### Data shown

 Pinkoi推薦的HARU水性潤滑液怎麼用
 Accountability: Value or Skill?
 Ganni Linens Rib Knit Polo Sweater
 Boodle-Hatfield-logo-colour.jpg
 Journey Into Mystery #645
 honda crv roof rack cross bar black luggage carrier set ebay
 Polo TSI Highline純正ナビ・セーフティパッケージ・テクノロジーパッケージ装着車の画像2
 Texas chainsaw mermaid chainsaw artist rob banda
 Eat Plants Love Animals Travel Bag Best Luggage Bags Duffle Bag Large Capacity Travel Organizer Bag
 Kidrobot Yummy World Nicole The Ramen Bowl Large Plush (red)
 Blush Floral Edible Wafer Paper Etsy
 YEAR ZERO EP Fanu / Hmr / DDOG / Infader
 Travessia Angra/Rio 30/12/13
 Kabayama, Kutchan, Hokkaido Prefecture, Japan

######

**Task details:**
Transcribe the material in full; every line must match exactly.

**Written answer:**
 Pinkoi推薦的HARU水性潤滑液怎麼用
 Accountability: Value or Skill?
 Ganni Linens Rib Knit Polo Sweater
 Boodle-Hatfield-logo-colour.jpg
 Journey Into Mystery #645
 honda crv roof rack cross bar black luggage carrier set ebay
 Polo TSI Highline純正ナビ・セーフティパッケージ・テクノロジーパッケージ装着車の画像2
 Texas chainsaw mermaid chainsaw artist rob banda
 Eat Plants Love Animals Travel Bag Best Luggage Bags Duffle Bag Large Capacity Travel Organizer Bag
 Kidrobot Yummy World Nicole The Ramen Bowl Large Plush (red)
 Blush Floral Edible Wafer Paper Etsy
 YEAR ZERO EP Fanu / Hmr / DDOG / Infader
 Travessia Angra/Rio 30/12/13
 Kabayama, Kutchan, Hokkaido Prefecture, Japan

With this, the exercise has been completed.